Ritorna l’affascinante polemica sulla falsità tra Constant e Kant. E un’opera dimenticata di Hobbes

Non possiamo vivere senza menzogna

Ignacio Mendiola: la bugia è un rifugio. Ci protegge dal mondo

nella foto IMMANUEL KANT

Nel 1797 il trentenne Benjamin Constant scrive un trattatello dal titolo Delle
reazioni politiche. Viene subito tradotto e ripartito in vari fascicoli da una
rivista tedesca. Tra i molti nervi scoperti che l’amico di Madame de Staël si
procura il piacere di toccare c’è il tema della menzogna. Da uomo del suo
tempo, disilluso quanto brillante, Constant ricorda che i princìpi universali,
qualora si dovessero utilizzare per le concretezze della vita, dovrebbero
fondarsi su qualcosa di intermedio, insomma su un riferimento capace di
concatenarli con la realtà. E, tra le molte frasi, ce n’è una che non poteva
passare inosservata: «Dire la verità è un dovere, ma solo nei confronti di chi
ha diritto alla verità».

Apparentemente sembra una teoria come molte altre di quel periodo ma,
mettendo a punto la cosa, Constant non riesce a trattenersi dal criticare
Immanuel Kant e, in particolare, alcune sue riflessioni. Tra le quali c’era la
seguente: «Persino di fronte a degli assassini che vi chiedessero se il vostro
amico, che loro stanno inseguendo, si sia rifugiato in casa vostra, la
menzogna sarebbe un crimine ». Era noto – e lo è ancora ai nostri giorni – che
per il sommo pensatore bisogna dire la verità in ogni situazione. Sempre e
comunque.

La replica non si fa attendere. Kant risponde, ribattendo punto per punto
(come fece Origene contro il pagano Celso), con uno scritto dal titolo Su un
presunto diritto di mentire per amore dell’umanità. Per dirla in breve, il
tedesco non si muove di un millimetro. Tra le sue parole vale la pena
ricordare: «Chi dunque mente, per quanto buone siano le sue intenzioni, ha
l’obbligo di assumersi le responsabilità delle conseguenze che ne derivano»;
e ancora: «È pertanto un sacro precetto della ragione – precetto che si
impone incondizionatamente ed è irriducibile a ogni ordine di convenienza –
essere veritieri (onesti) in ogni dichiarazione». Ora, chi volesse conoscere
quella polemica e prendere atto dei testi, trova in un delizioso libretto, firmato
Kant-Constant e dal titolo Il diritto di mentire, quanto desidera.
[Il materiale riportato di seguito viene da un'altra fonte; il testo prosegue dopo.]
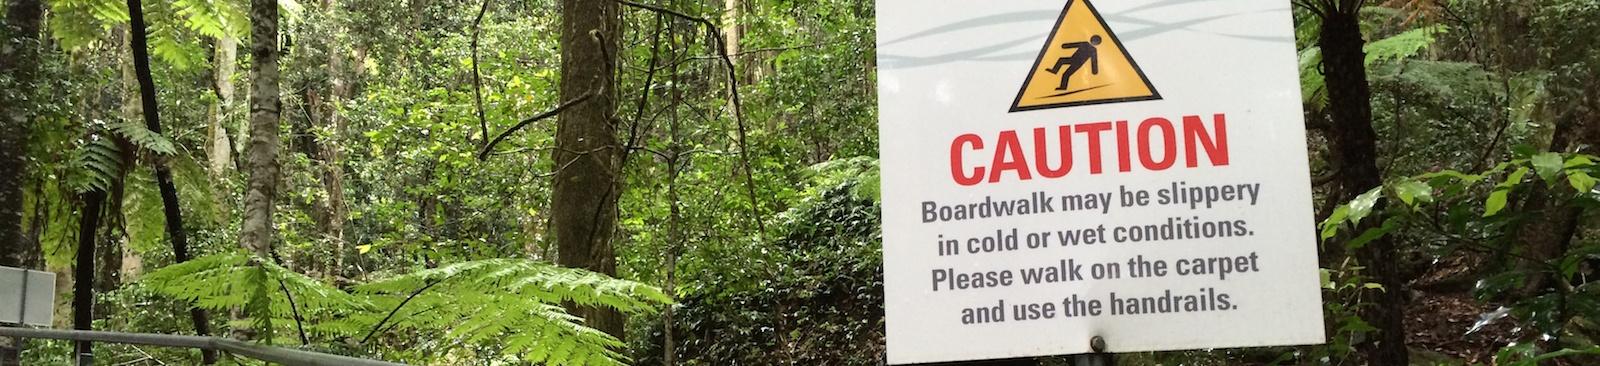 slippery_boardwalk_warning_sign_background.jpg

La curatrice,
Sabrina Mori Carmignani, merita una menzione per il saggio introduttivo e la
confezione del piccolo volume edito da Passigli.

Pagine che sollevano una questione irrisolta da millenni: già Agostino aveva
scritto il De mendacio, dove distingueva e catalogava le bugie, mentre sette
secoli prima di lui Eubulide di Mileto (ripreso da Aristotele) elaborò il
«Sofisma del mentitore». Che, nella prima formulazione, suonava così: «Se
menti dicendo di mentire, nello stesso tempo menti e dici la verità ». Lo hanno
ripreso i logici del Novecento.

L’argomento sarebbe una questione oziosa e irrisolta della filosofia se non
fosse tornato di grande attualità. O meglio, per dirla con i francesi, «è nel
vento». Prova ne è la traduzione italiana, uscita da Tropea, di un brillante
saggio di Ignacio Mendiola, Elogio della menzogna. In esso si afferma una
verità incontestabile: sulla menzogna sono state dette molte bugie. Gli
esempi riportati si sprecano e il sociologo basco ne prende a prestito dal
cinema, dalla letteratura e dalle esperienze esistenziali. Che sarebbe l’amore
senza la bugia?

Mendiola rivendica il nostro diritto a mentire. Per lui Pinocchio non esiste ma
di questo burattino abbiamo bisogno, come del principe azzurro e del lupo
cattivo, giacché tra le braccia delle loro menzogne abbiamo trascorso ore
serene e sonni beati. Ma lasciamogli la parola: «La menzogna è una
protezione contro il mondo, un costrutto che ci salvaguardia dall’inclemenza
del nonsenso, un rifugio che deve essere costruito anche da chi ripudia la
menzogna, perché nella verità risiede solo l’inesistente occhio di Dio». Non si
esprime da credente, ma i suoi argomenti sono perfetti per la vita che
dobbiamo sopportare.

Si dovrebbe infine parlare di menzogna culturale, dell’inganno dell’arte e
dell’architettura, del fondamentale ruolo della bugia in politica, in economia e
nella società della comunicazione di oggi (senza menzogna ci sarebbe la
Tv?), ma preferiamo segnalarvi un ultimo libro che indirettamente soffia
sull’argomento.

Si tratta della Historia Ecclesiastica di Thomas Hobbes, che ha appena visto
la luce presso l’editore parigino Honoré Champion con il testo critico latino, la
versione inglese e una formidabile introduzione di 300 pagine di Patricia
Springborg dell’ateneo di Sydney (esce con il contributo della Libera
Università di Bolzano). Quest’opera, in forma di carme elegiaco, che non ha
mai trovato rilievo negli studi su Hobbes, è forse lo scritto più virulento e
polemico del filosofo inglese. Alla base c’è la condanna del potere papale,
ma i versi sono permeati da una domanda inquietante, espressa sovente in
forma di satira: quante menzogne ha avuto bisogno la Chiesa nella storia?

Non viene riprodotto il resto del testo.